You can use DStream.transform() to do any arbitrary RDD transformations on
the RDDs generated by a DStream.
val coalescedDStream = myDStream.transform { _.coalesce(...) }
On Tue, Mar 3, 2015 at 1:47 PM, Saiph Kappa <saiph.kappa@gmail.com> wrote:
> Sorry I made a mistake in my code. Please ignore my question number 2.
> Different numbers of partitions give *the same* results!
>
>
> On Tue, Mar 3, 2015 at 7:32 PM, Saiph Kappa <saiph.kappa@gmail.com> wrote:
>
>> Hi,
>>
>> I have a spark streaming application, running on a single node,
>> consisting mainly of map operations.

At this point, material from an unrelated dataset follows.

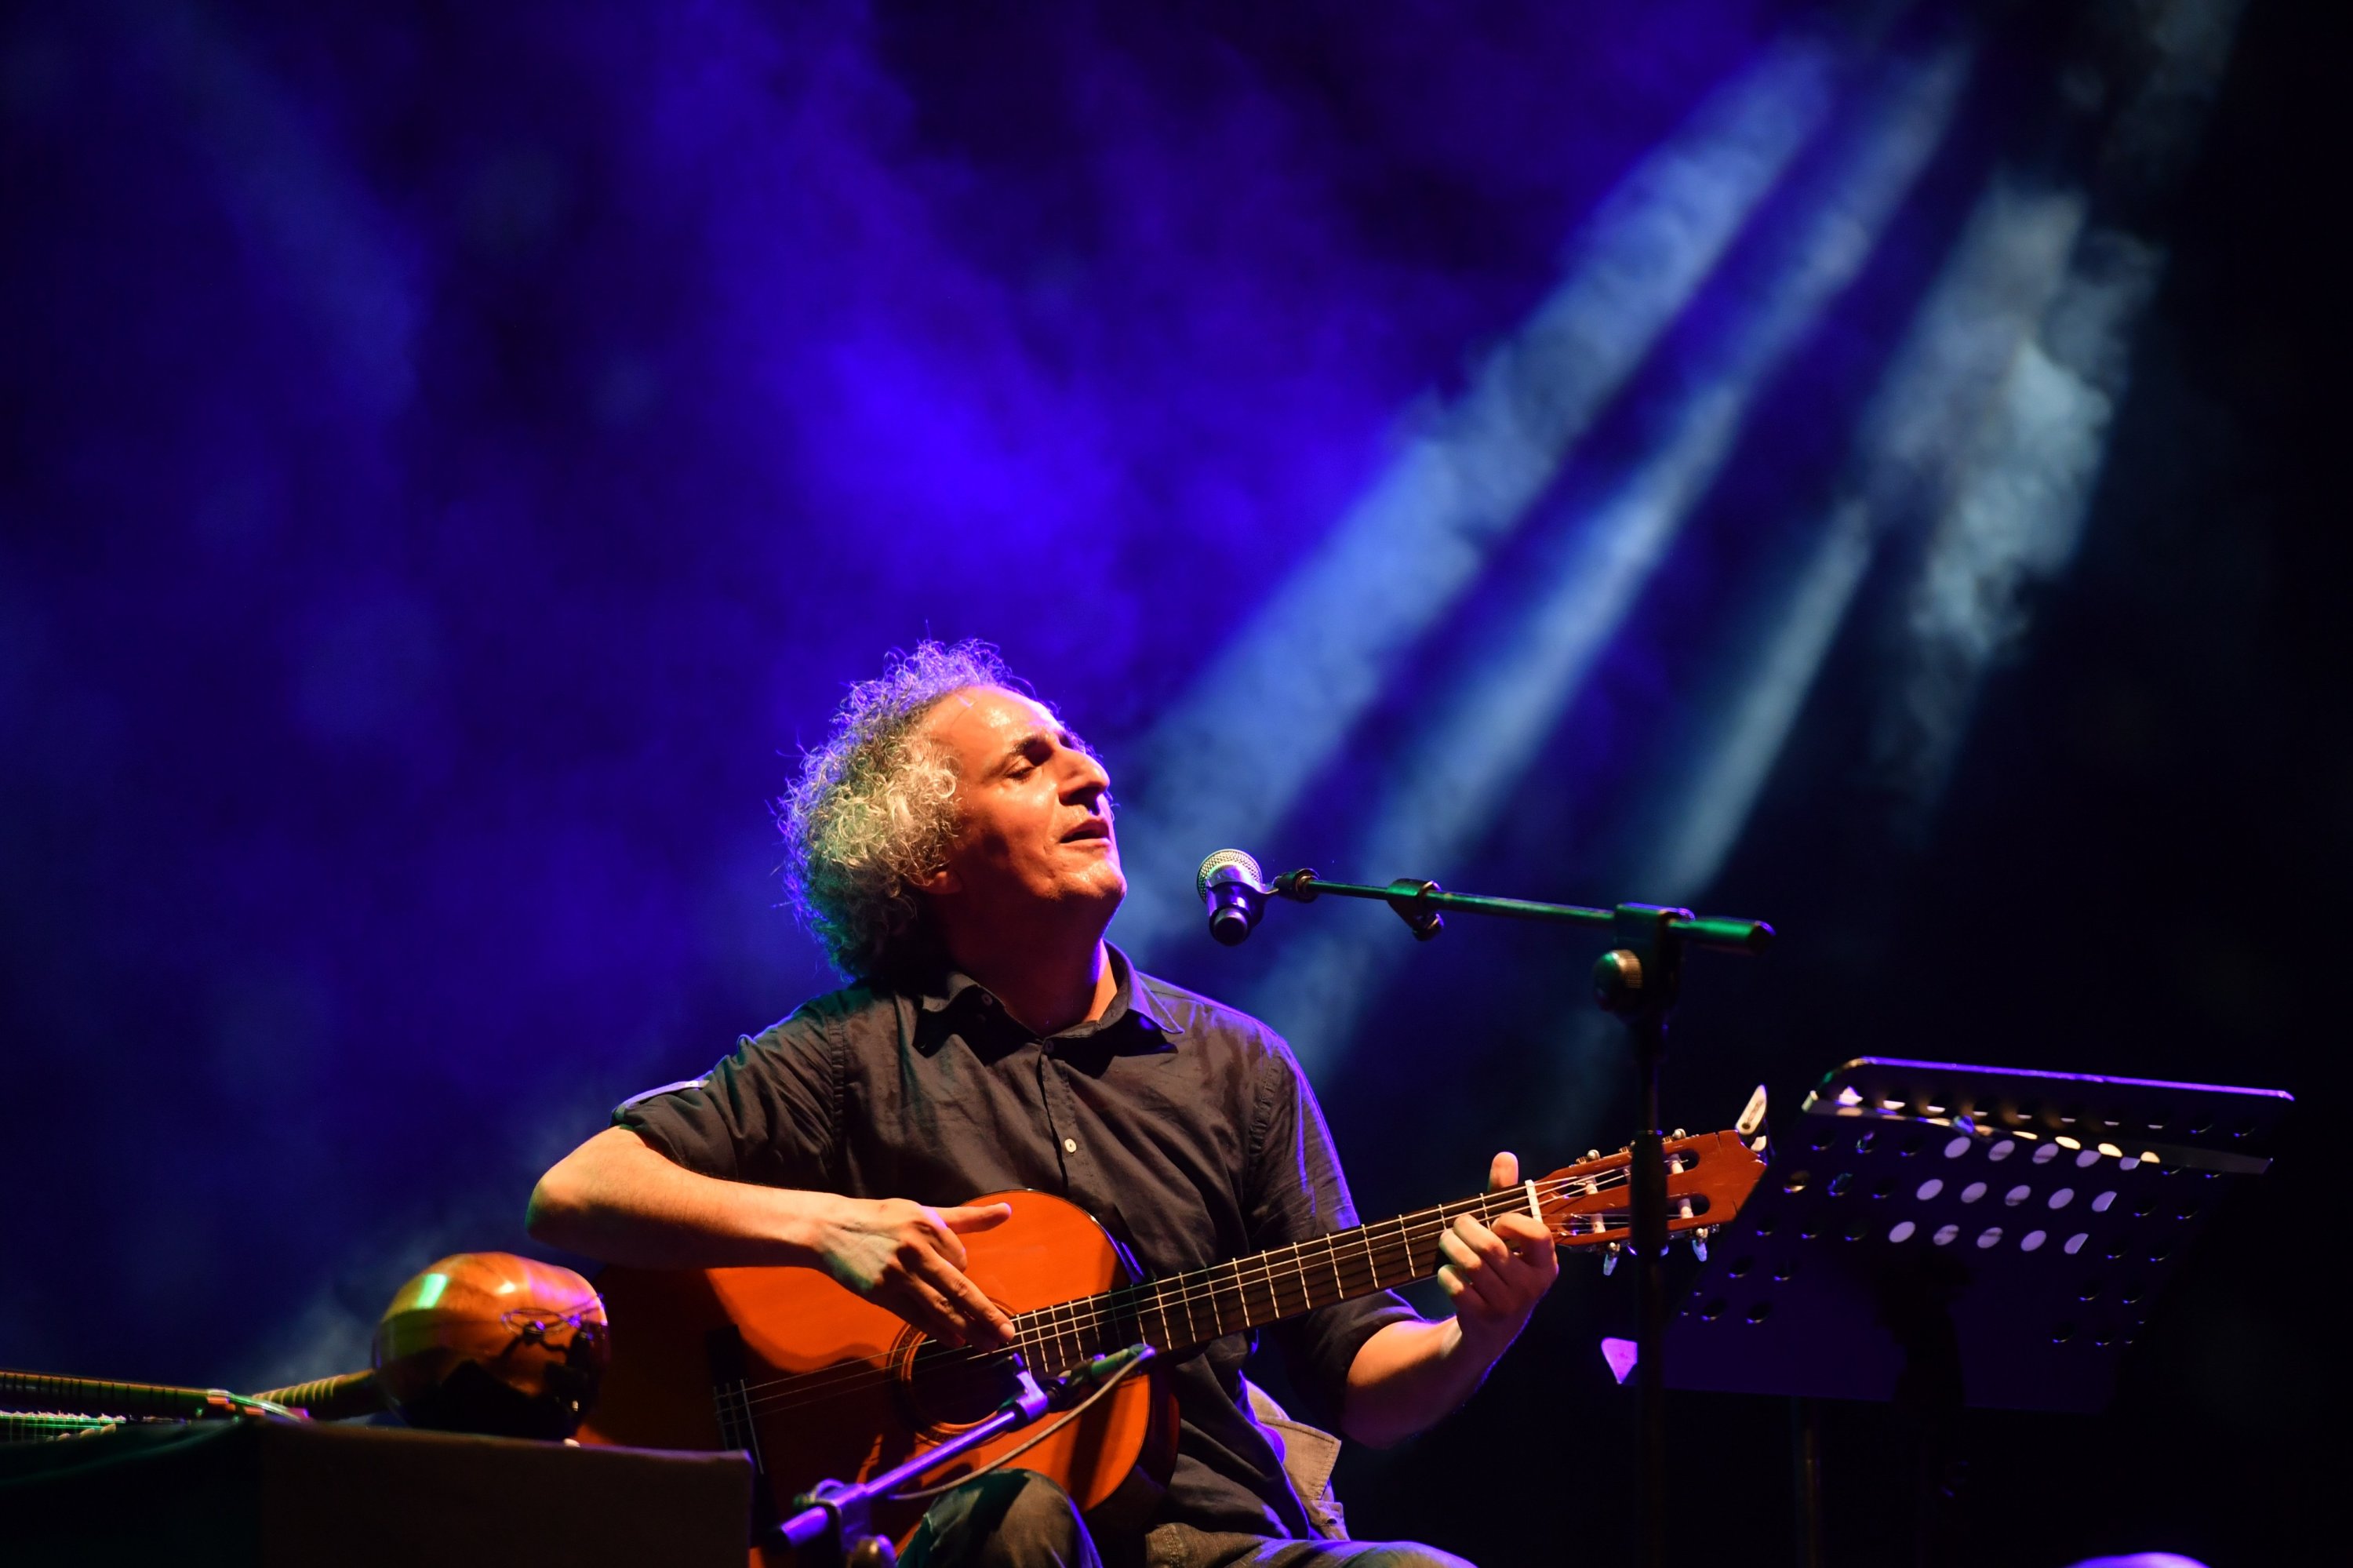 Mohsen Namjo, Iran's Bob Dylan, to give 5 concerts in Türkiye Daily Sabah

I perform repartitioning to control
>> the number of CPU cores that I want to use. The code goes like this:
>>
>> val ssc = new StreamingContext(sparkConf, Seconds(5))
>>> val distFile = ssc.textFileStream("/home/myuser/spark-example/dump")
>>> val words = distFile.repartition(cores.toInt).flatMap(_.split(" "))
>>> .filter(_.length > 3)
>>>
>>> val wordCharValues = words.map(word => {
>>> var sum = 0
>>> word.toCharArray.foreach(c => {sum += c.toInt})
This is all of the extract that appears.